AFASA urge government to intervene with drought support

Through its interactions with its provincial leaders, AFASA has learned that 2023/24 grain crops are endangered due to the ongoing drought. Consequently, farmers are already experiencing losses. The unfortunate part about these losses is that they have a domino effect on other industries such as livestock, as maize is used in feed for livestock.
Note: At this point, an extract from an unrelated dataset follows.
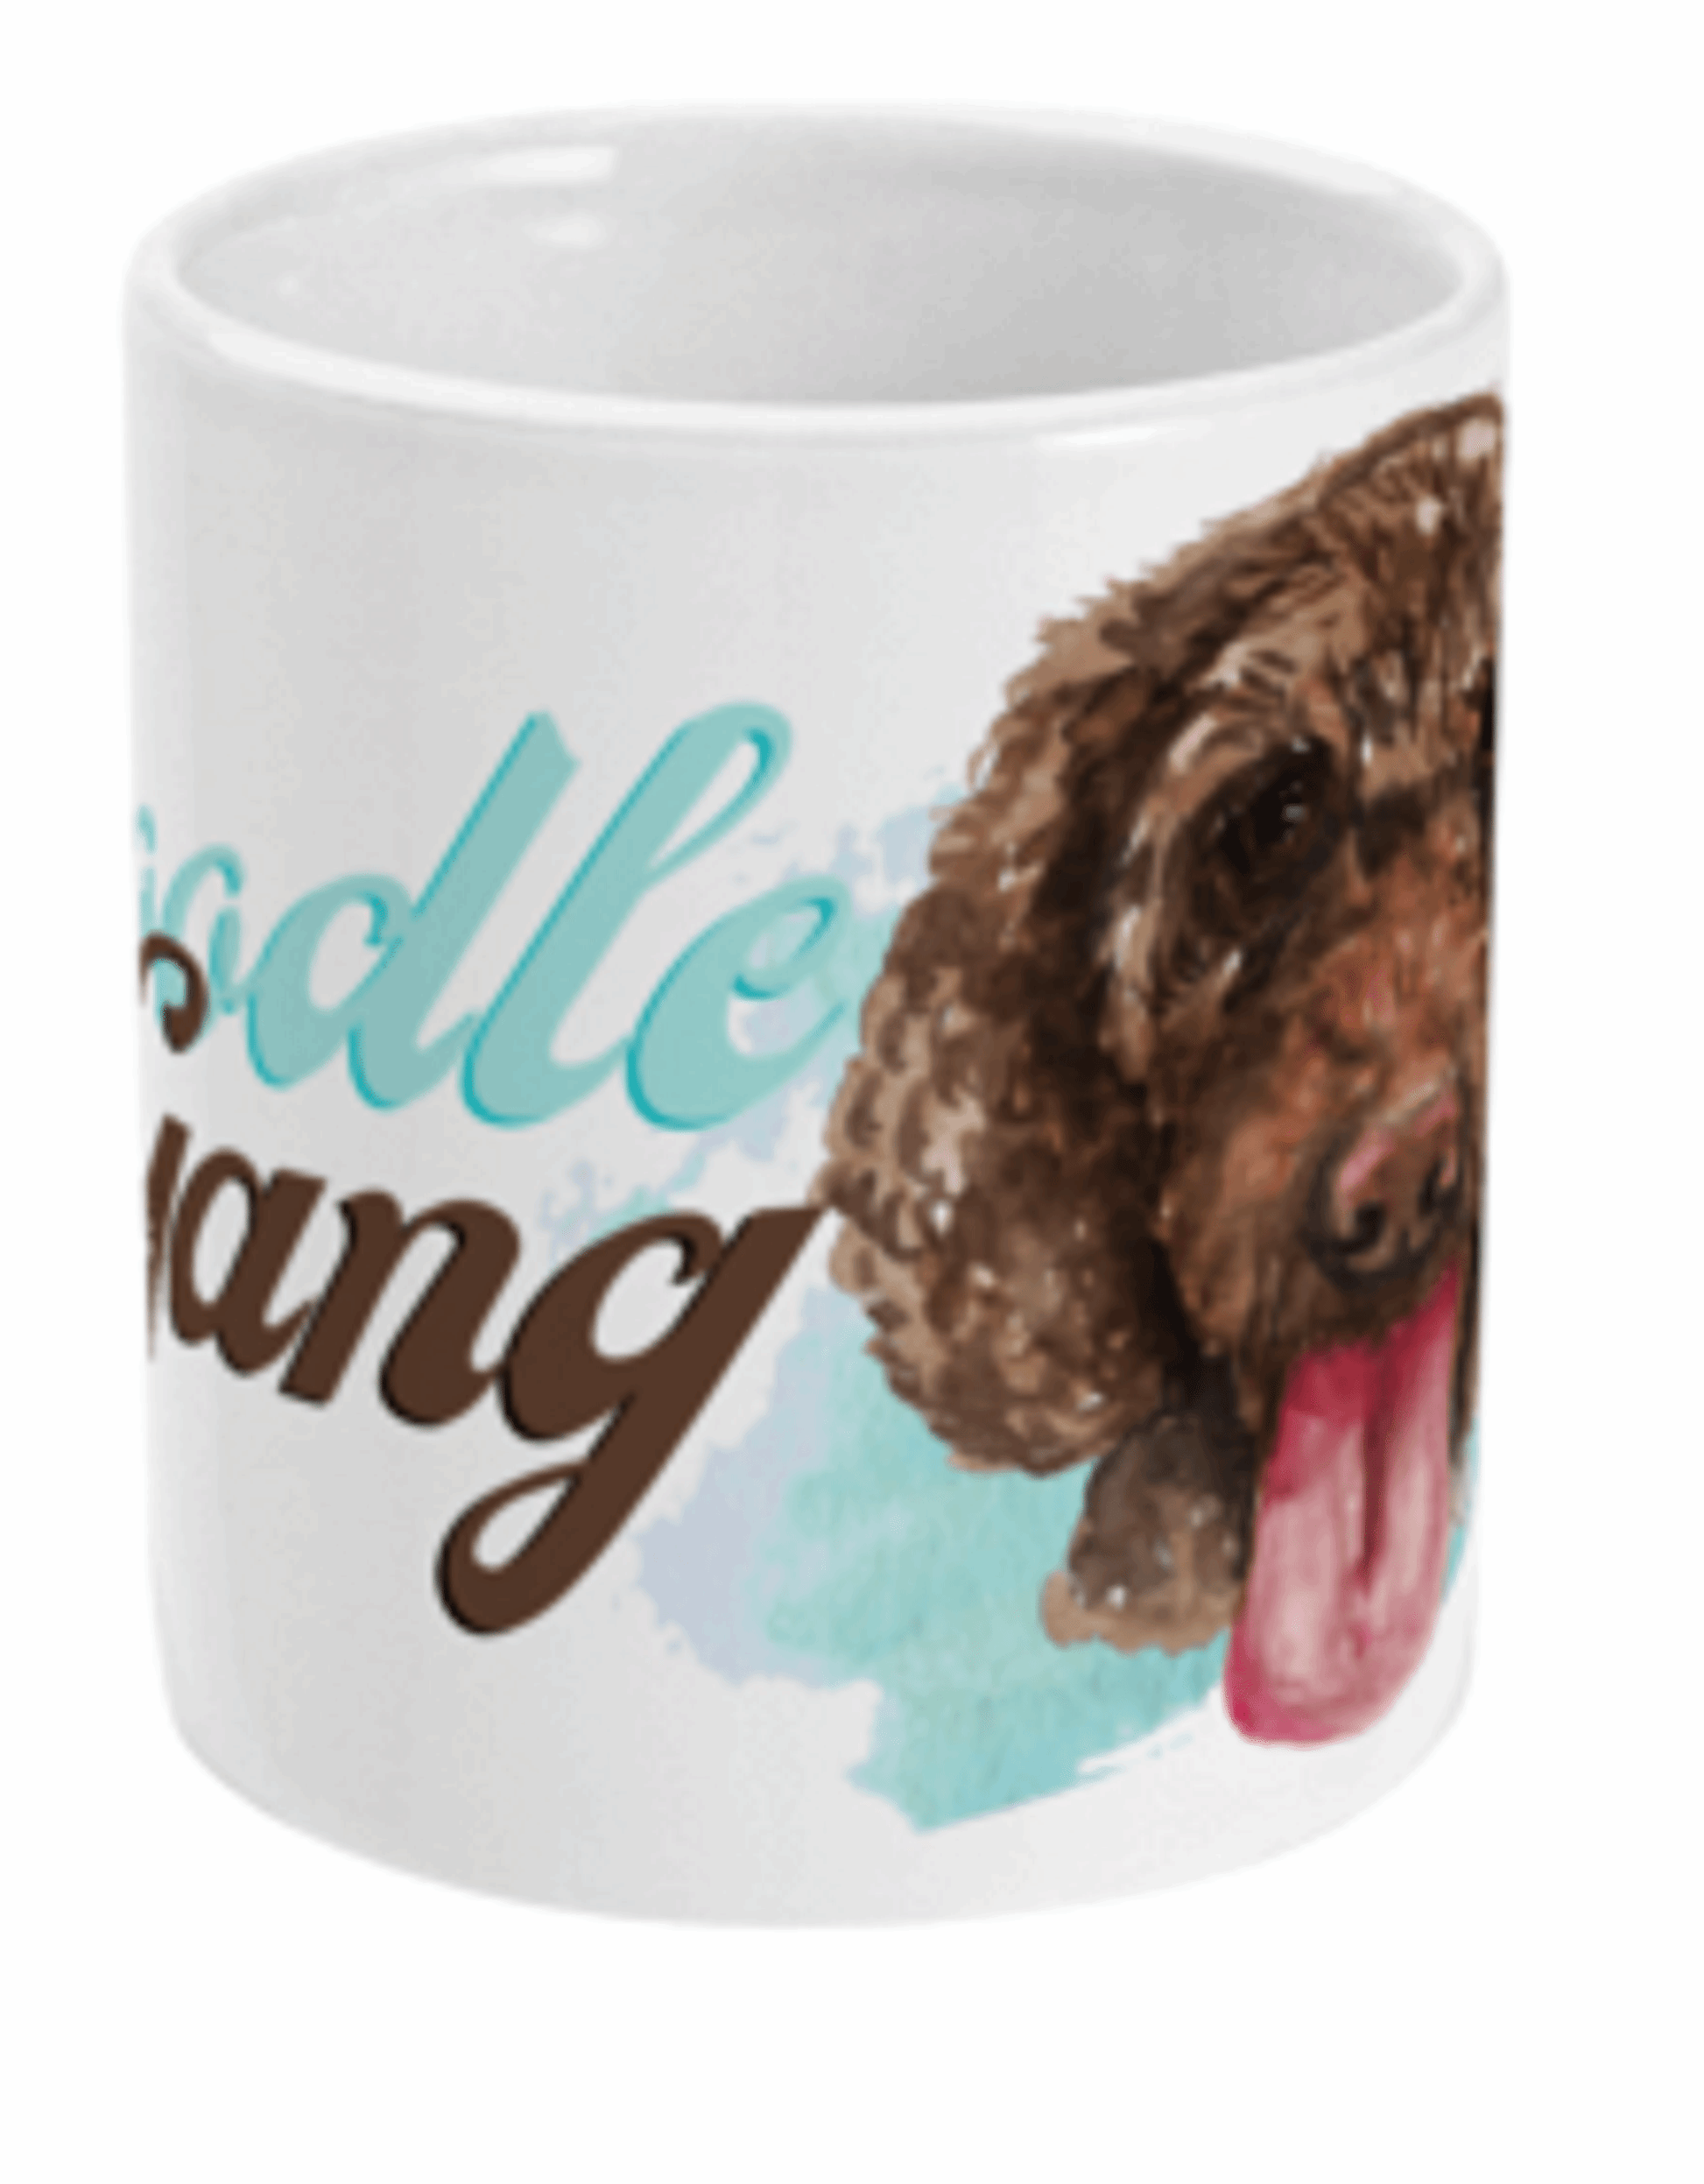  Doodle Gang Dog Coffee/Tea Mug by Free Spirit Accessories sold by Free Spirit Accessories

In the same light, this drought is likely to have a severe impact on the capacity of grazing fields, thus, leading to livestock farmers being forced to buy most of their feed at higher prices in order to keep their herd alive. Some might even face the nightmare of having to cull their livestock. The drought also has some serious food security implications as maize is a stable food to South Africa and serves as a major inputs in other processed food. This is likely to result in food inflation as most developing farmers have non-existent financial reserves to tap into to save the situation.

AFASA has since written to the Minister of Agriculture, Land and Rural Development (DALRRD) to request for immediate support to farmers that have already experienced losses, especially developing farmers as they cannot afford to pay for insurance.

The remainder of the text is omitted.